“O grande cúmplice da tirania é o silêncio; não atacar o despotismo é a maneira mais covarde de servi-lo; não denunciá-lo é auxiliá-lo; estar próximo dele sem feri-lo é a maneira mais vil de protegê-lo; e proteger o crime é mil vezes pior que cometê-lo; eis aí a hora em que a palavra é um dever e o silêncio é um crime”, dizia o escritor colombiano Vargas Villa. No entanto, nos acostumamos a ver a submissão dos animais a nosso redor, sem sequer nos darmos o trabalho de levantar as sobrancelhas.
Uma simples ida ao supermercado revela uma faceta escondida, por interesses outros, de como é a relação entre humanos e não-humanos. A grande maioria dos produtos leva algum ingrediente de origem animal, mesmo que essa informação esteja criptografada no rótulo. Da banha de porco no pão sovado à cochonilha na bolacha recheada, passando pelo soro de leite na margarina e caldo de galinha no shoyu, quase tudo precisa de matéria-prima arrancada dos animais, à força. O que não é obrigatório, já que para todos os casos há uma opção livre de crueldade. Se o sabor é o mesmo, qual a diferença entre passar no pão uma margarina totalmente vegetal e uma com soro de leite? Para a vaca leiteira que virou peça dentro de uma engrenagem, faz muita diferença.
Crueldade com animais é crime, exceto se você for um ‘produtor’. Nesse caso, tem apoio do Governo, poder de barganha, usa e abusa do lobby, apóia deputados e senadores, recebe proteção e financiamento, e ainda carrega a aura de ‘promotor do desenvolvimento’. Mas a sociedade ainda vê isso como normal, errado é quem vê como anormal. Se o lucro daquela pessoa vem de engaiolar milhares de galinhas poedeiras – de uma maneira que, fossem cachorros, seria caso de polícia – aí tudo bem, pois é trabalho. Item sagrado na construção do ordenamento social.

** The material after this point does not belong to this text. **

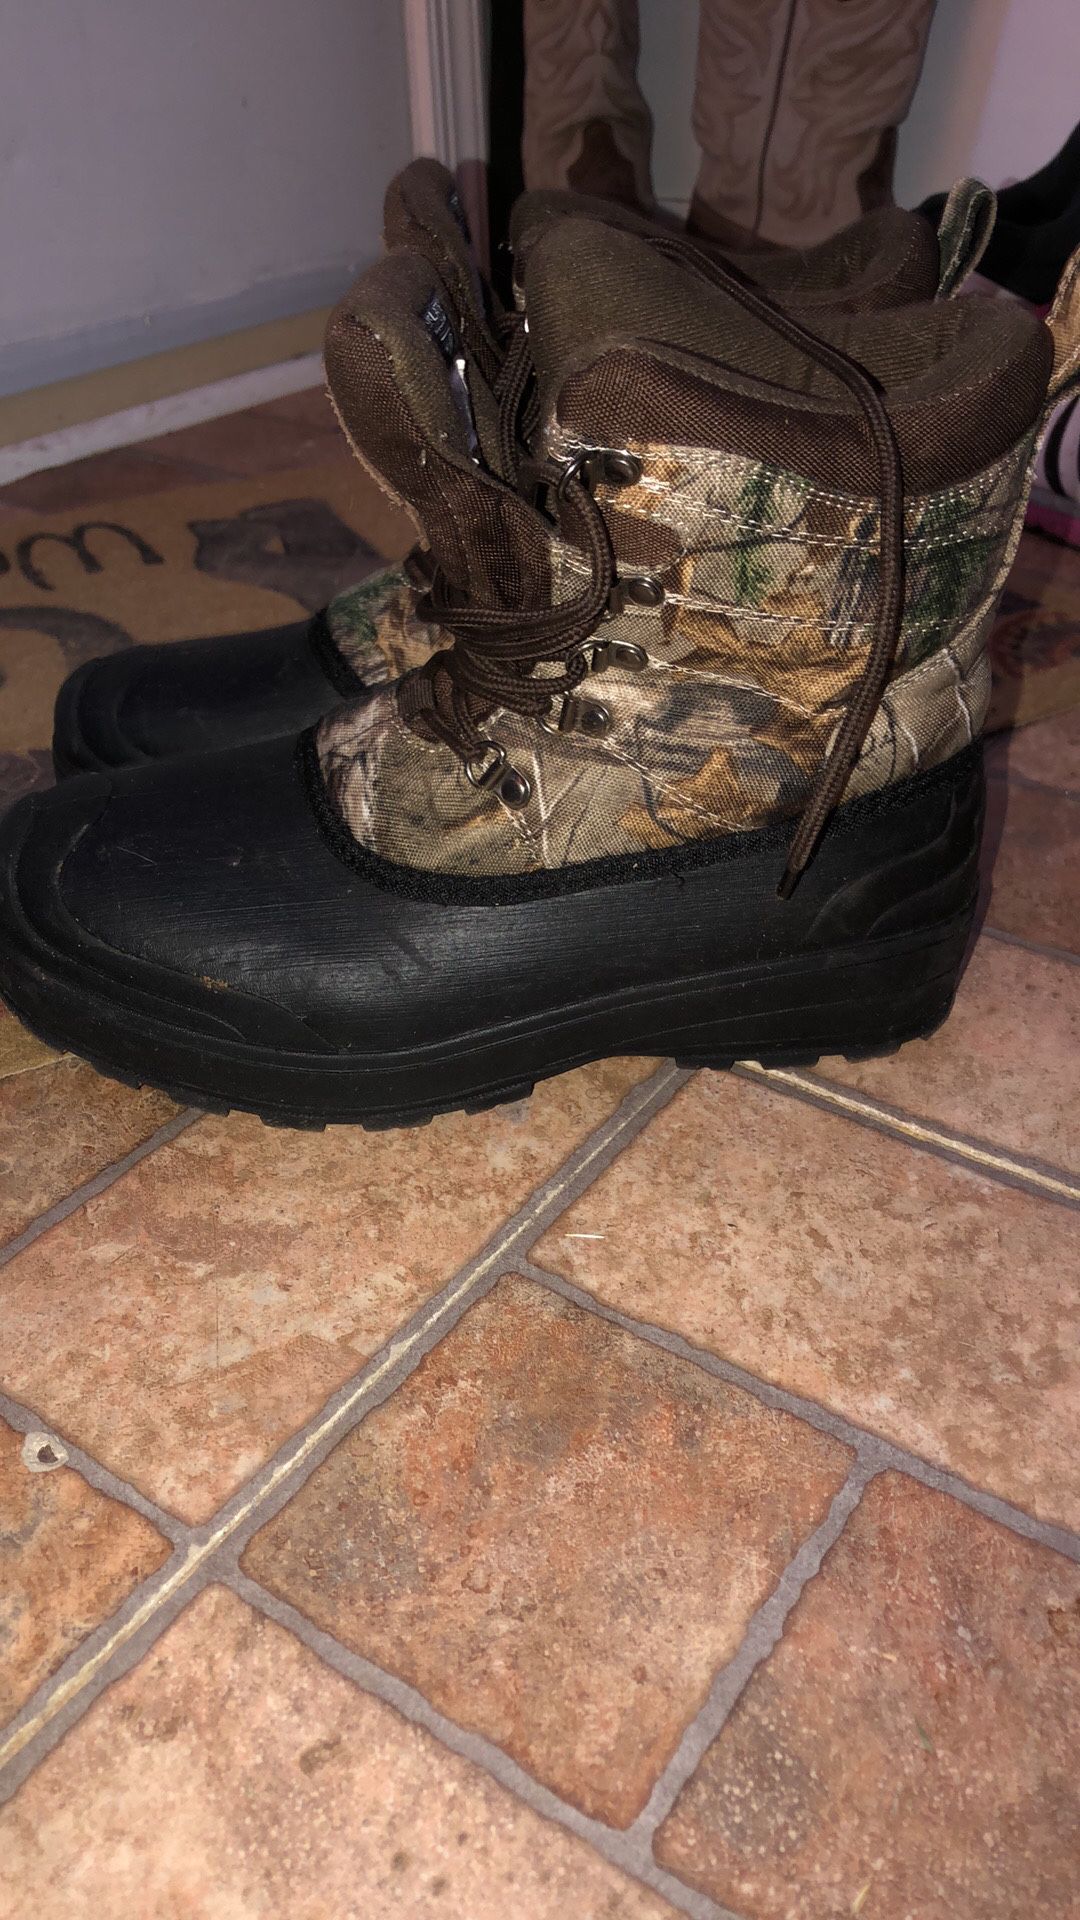 Ozark trail boots size 7
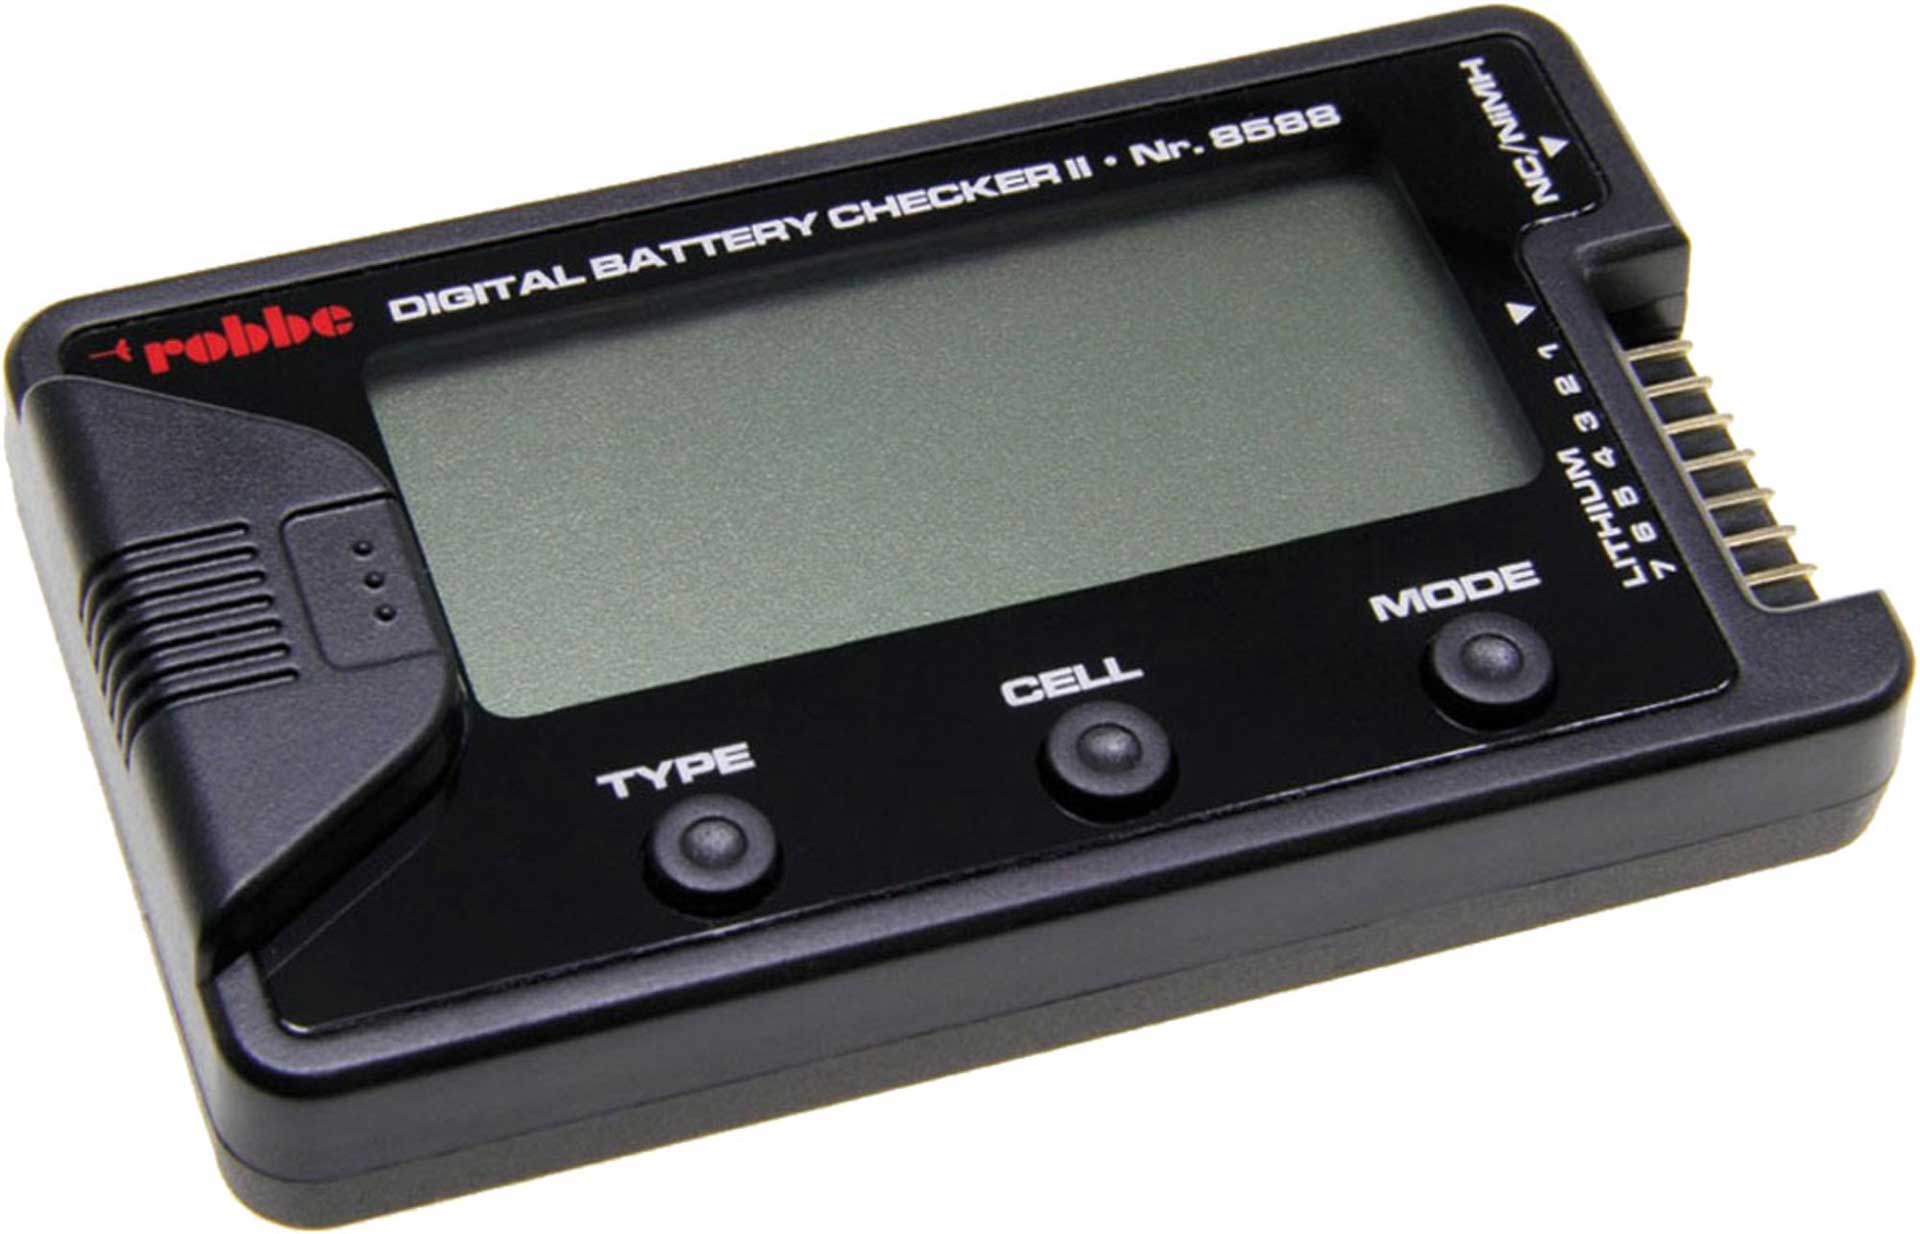 Robbe Modellsport Digital Battery Checker II

Argumento este utilizado pela permanência das carroças aqui em Porto Alegre, praga urbana que costuma chocar até o mais apático cidadão. À custa de muito relho, cavalos esqueléticos e sedentos carregam sob o sol a injustiça social pelas ruas desta capital. Seus condutores não respeitam regras de trânsito, não seguem as normas afixadas para – tentar – aliviar o sofrimento dos cavalos, nem se furtam a colocar menores a trabalhar. Quem levantar crítica a todo esse quadro invariavelmente escuta o mantra “ah, mas estão trabalhando”. Muitas cidades aboliram as carroças e ofereceram oportunidade de inclusão social aos ex-carroceiros, mas essa informação é esquecida. Junto com o remorso.